REQUIREMENT:
Copy task. Retype the whole listing exactly, omitting any picture in it.

DATA SECTION:

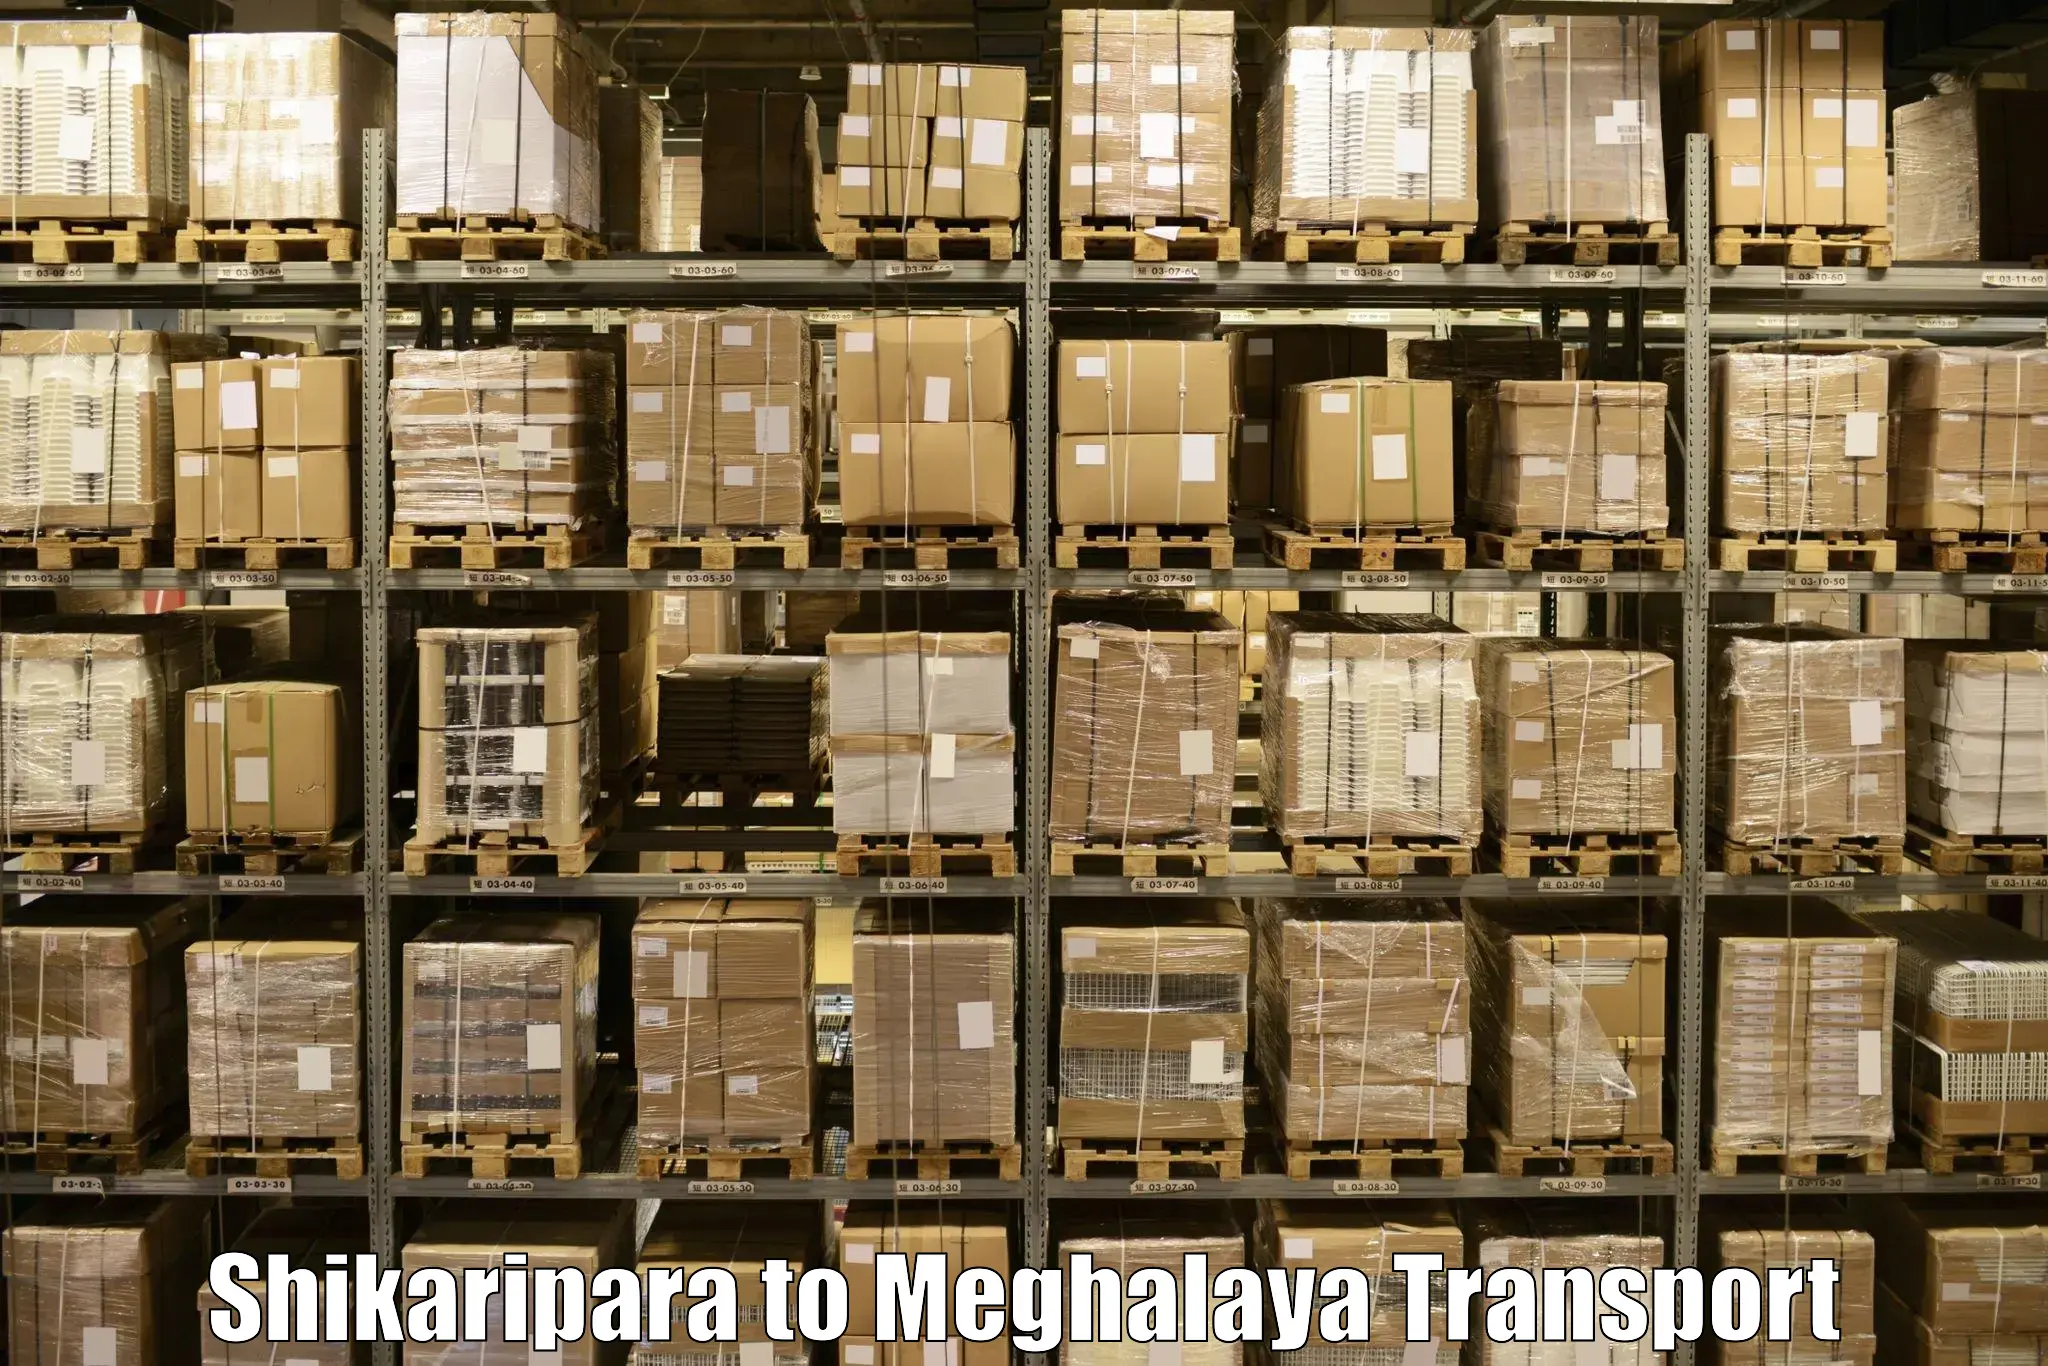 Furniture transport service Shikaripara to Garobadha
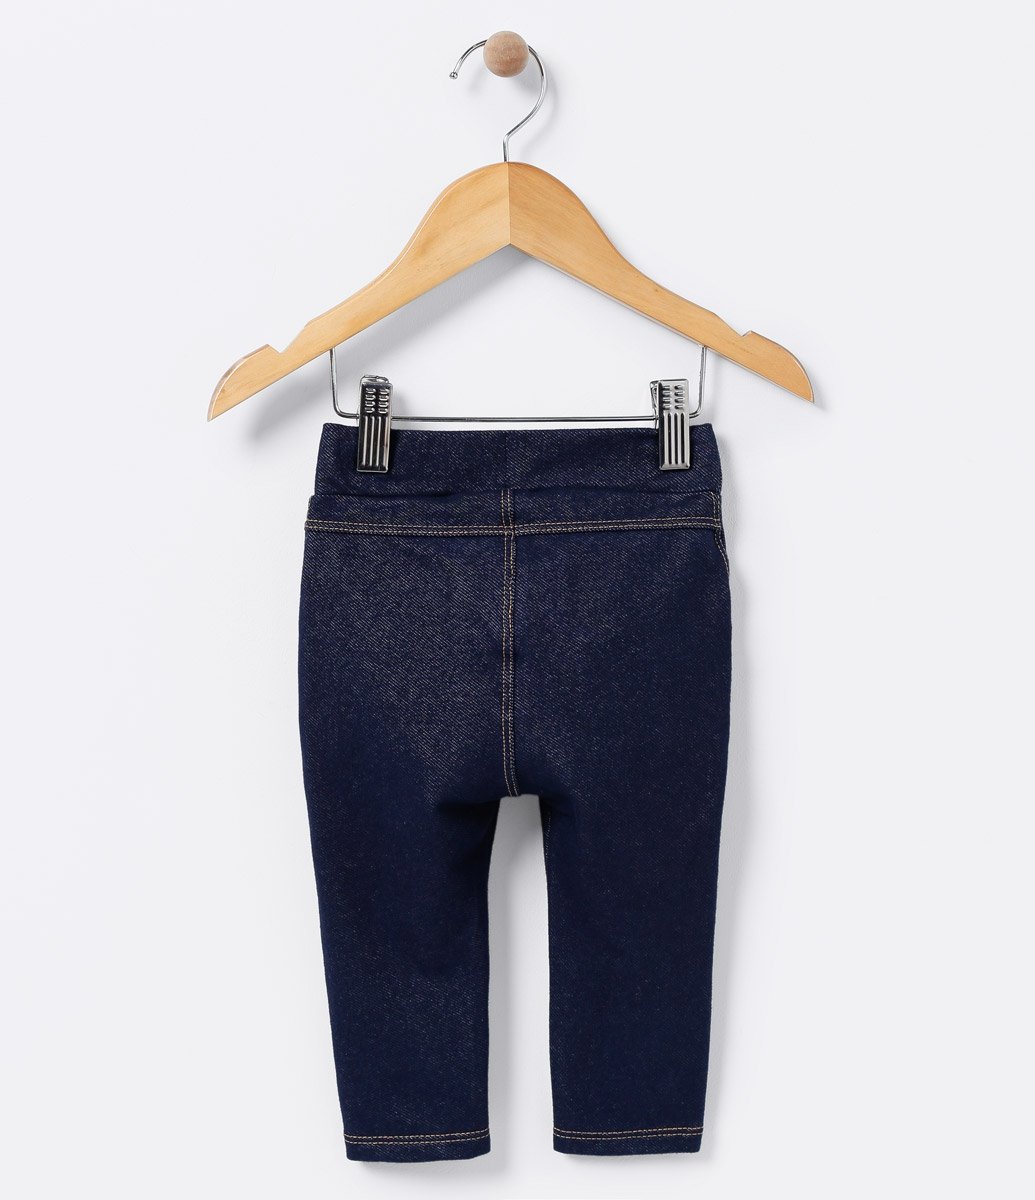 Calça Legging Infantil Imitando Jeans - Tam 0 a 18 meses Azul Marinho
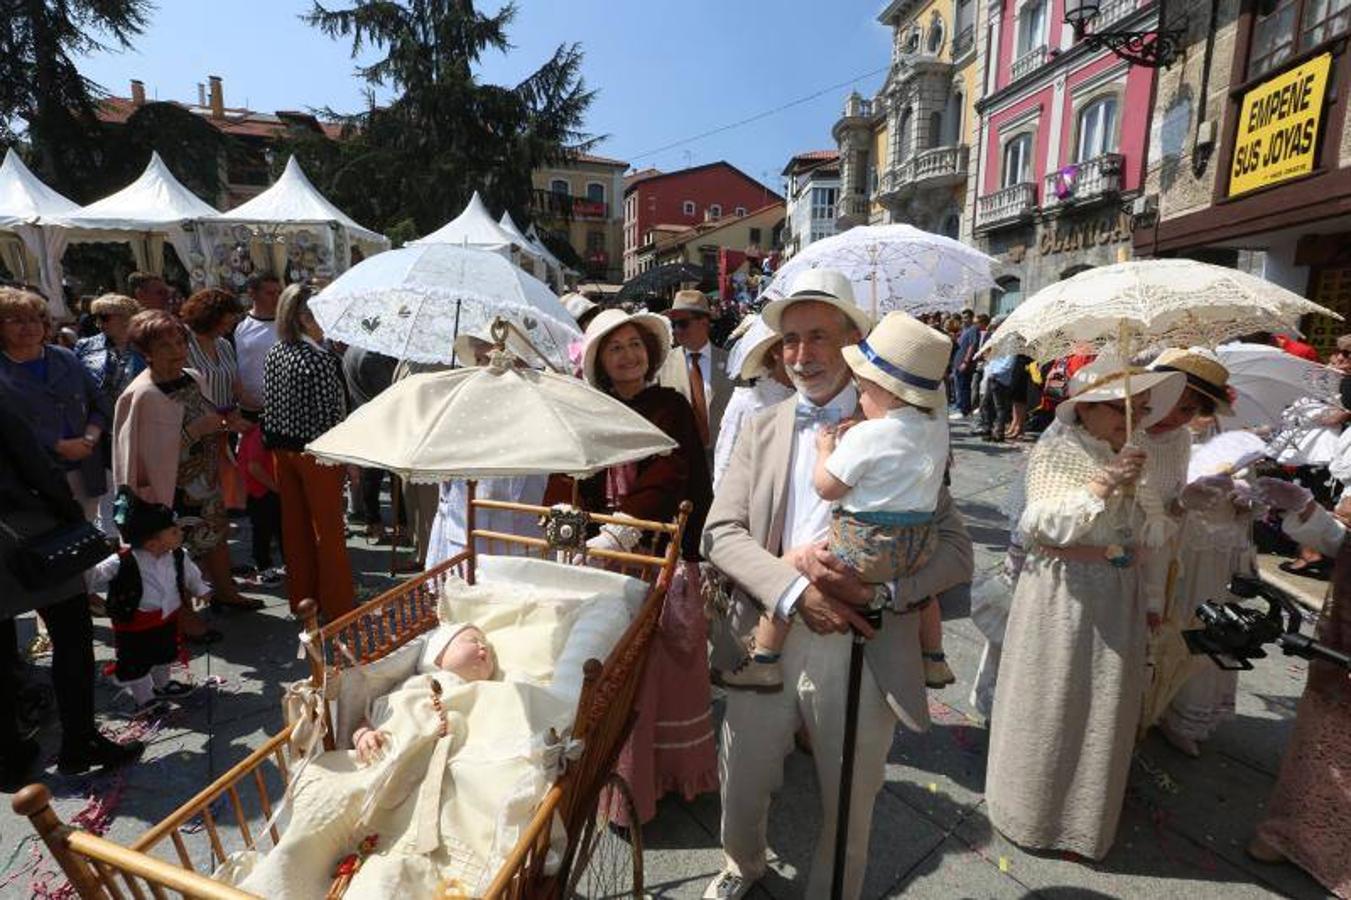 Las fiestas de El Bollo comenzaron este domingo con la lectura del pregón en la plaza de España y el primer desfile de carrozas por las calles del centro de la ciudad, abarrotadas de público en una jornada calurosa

YOUR RESPONSE:
 Furniture transport service Shikaripara to Garobadha
 Calça Legging Infantil Imitando Jeans - Tam 0 a 18 meses Azul Marinho
 Las fiestas de El Bollo comenzaron este domingo con la lectura del pregón en la plaza de España y el primer desfile de carrozas por las calles del centro de la ciudad, abarrotadas de público en una jornada calurosa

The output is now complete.